En los últimos años se ha iniciado un debate en torno al impacto ambiental de la industria de la moda.

La globalización y las plataformas digitales han hecho visible una problemática relacionada con el alto consumo de agua, la contaminación y la afectación que generan sus actividades en el mundo, sobre todo en el continente asiático, siendo la segunda industria más contaminante del mundo.

Según datos socializados en la Conferencia de la ONU sobre Comercio y Desarrollo, “cada año se utiliza en la producción de ropa 93.000 millones de metros cúbicos de agua, lo que se traduciría en el volumen suficiente para satisfacer las necesidades de cinco millones de personas”. Así mismo, afirman que, “cada año, la industria tira al mar alrededor de medio millón de toneladas de microfibra lo que generaría el mismo impacto de 3 millones de barriles de petróleo”.

Sin mencionar que, para producir unos jeans se necesitan 7.500 litros de agua, siendo así la responsable del 20% del desperdicio de agua a nivel global. Un panorama que invita a replantear no solo los modelos de sostenibilidad de la industria, sino la responsabilidad individual frente a la economía circular y el aporte de cada persona a la sostenibilidad ambiental en el mundo.

En el marco de la conferencia: Emprendimiento Digital y Startups realizada en el Congreso Internacional de Diseño e Innovación 2021 en Areandina sede Valledupar, David Luquin, experto invitado y director general de emprendimiento de la Universidad de Navarra en España, exaltó las medidas que están tomando muchas tiendas de moda de reciclar productos e iniciativas cada vez más visibles en las plataformas digitales de venta de segunda mano y alquiler de ropa.

Durante la charla, el experto invitó a las personas a preguntarse, ¿cómo consumimos?, ¿cuántas veces repetimos ropa?, ¿cuánta ropa tenemos en el armario?

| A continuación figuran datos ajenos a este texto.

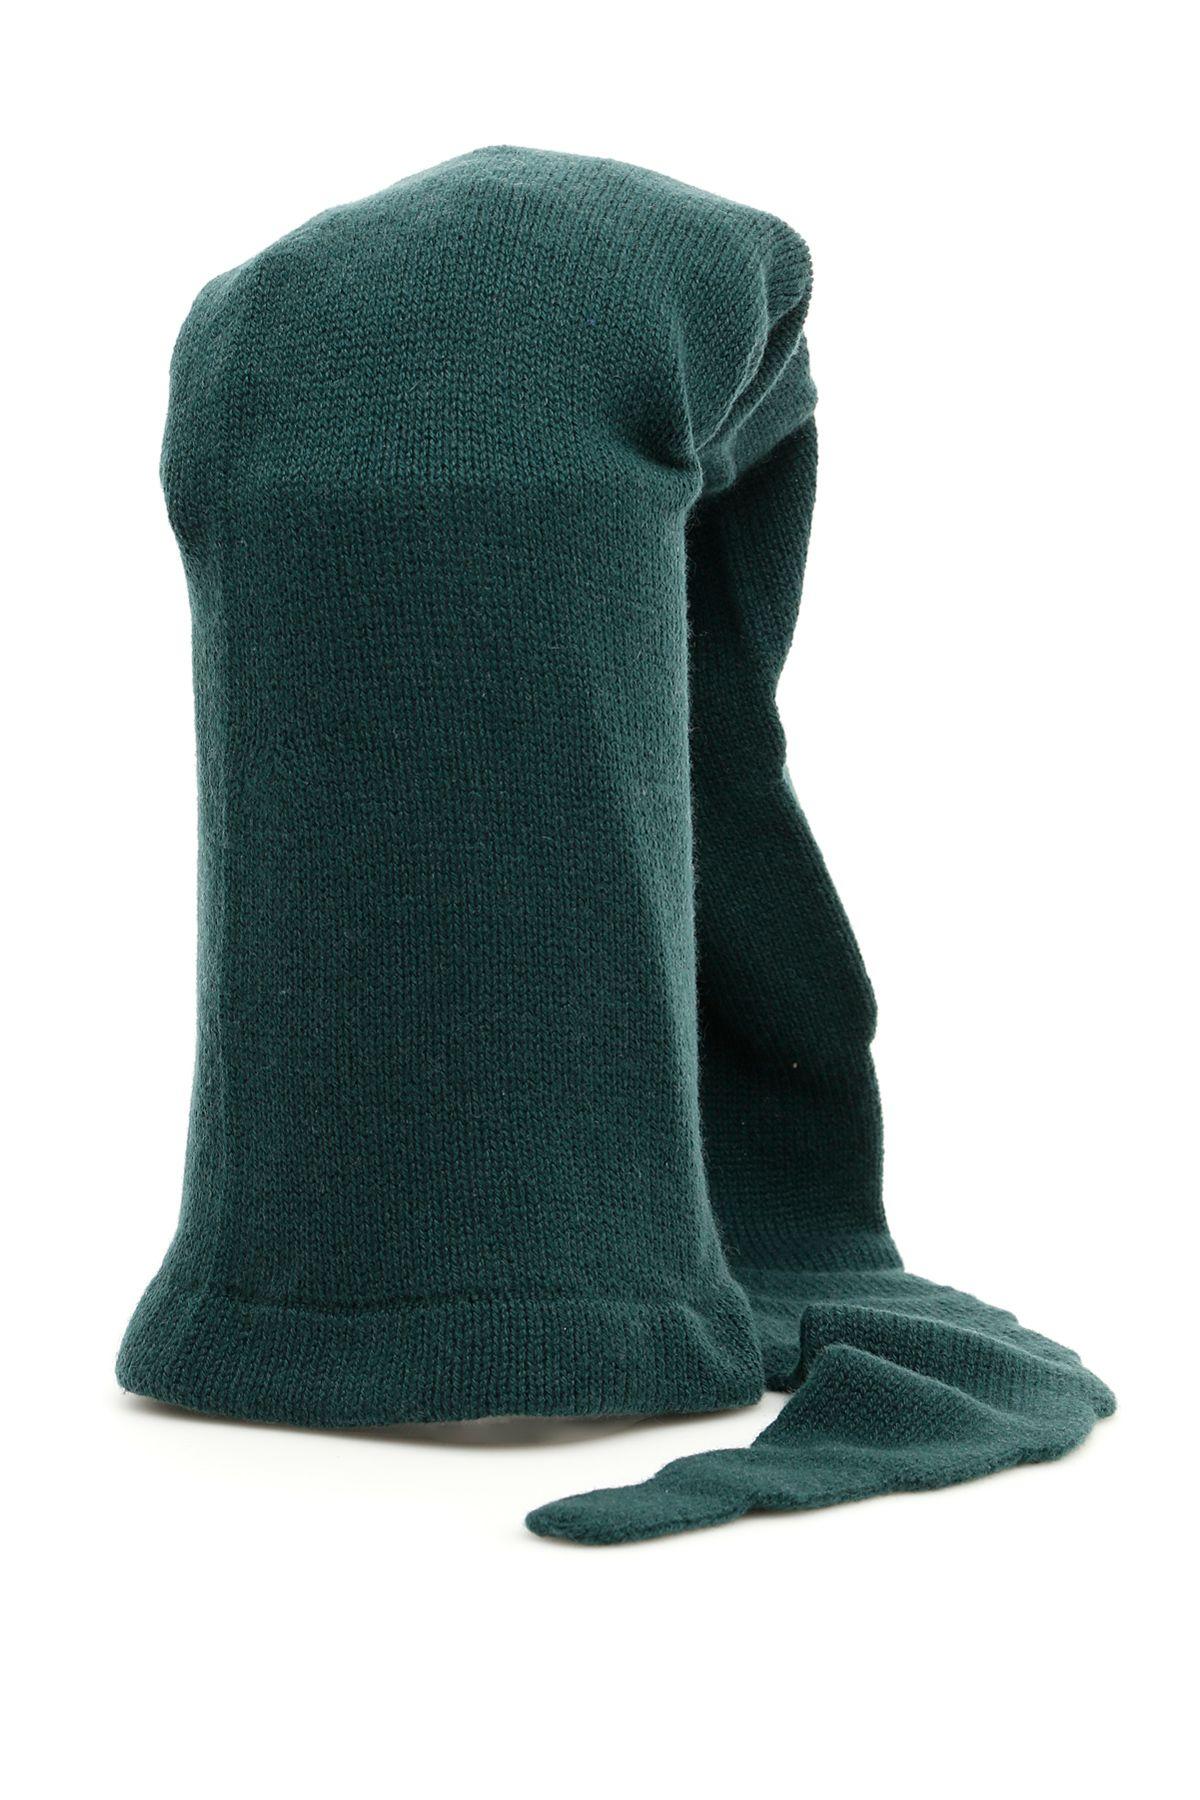 FLAPPER Extra Long Atena Hat in Basalt

Y sobre todo, ¿qué estamos haciendo de manera individual para disminuir el impacto ambiental de la industria de la moda?.

“Las empresas son unas, los consumidores somos muchos; si hacemos un consumo más responsable, el impacto negativo de las acciones de la industria se disminuirían significativamente, incluso, muchas de esas empresas no existirían, debemos entender que más allá de los ideales la industria es egoísta”, afirmó el director Luquin.

El experto en moda resaltó la importancia de que los consumidores renuncien al modelo de “comprar, usar y desechar”, apropiar la economía circular a nuestras acciones diarias y reconocer que el consumidor juega un papel crucial en el modelo de negocio de la industria de la moda.

“Nos ponemos en una posición de hablar de sostenibilidad, indignarnos por las acciones que generan las grandes industrias, pero a la vez seguimos consumiendo en grandes cantidades esos productos; decimos que las empresas son los monstruos, pero nosotros los alimentamos y los monstruos no funcionan sin nosotros”, explicó el experto.

En el converstorio, donde participaron alrededor de 200 personas, el director Luquin invitó a los asistentes a comprar a diseñadores locales, pensar en emprendimientos e iniciar negocios digitales, teniendo siempre una mirada responsable y afín con los modelos de sostenibilidad.

Por su parte, la directora del programa de Diseño de Modas de Areandina, Clara Ivonne Riachi Vega, recalcó que Areandina ha hecho una apuesta por la sostenibilidad en la moda al ser parte de Pacto Global, una iniciativa que promueve el compromiso del sector privado, sector público y sociedad civil a alinear sus estrategias y operaciones con principios afines a los derechos humanos, medio ambiente, entro otros.

“Las empresas ya constituidas puede que tengan la intención de aplicar modelos sostenibles, pero no hay suficiente legislación en Colombia para que esto sea una realidad, además falta mucho apoyo económico para la industria, porque dar el paso a un modelo sostenible requiere de mucho dinero, hoy vemos a nivel mundial grandes marcas que utilizan materiales reciclables en sus productos, pero ello ha llevado un esfuerzo importante”, puntualizó la directora Riachi.

La directora Riachi invitó a los diseñadores a revisar los insumos con los que trabajan, dado que ya muchos vienen con sello verde y mencionó que ya se ha venido trabajando para que esos materiales tengan menos aranceles en el país y por consiguiente sean más asequibles para las empresas.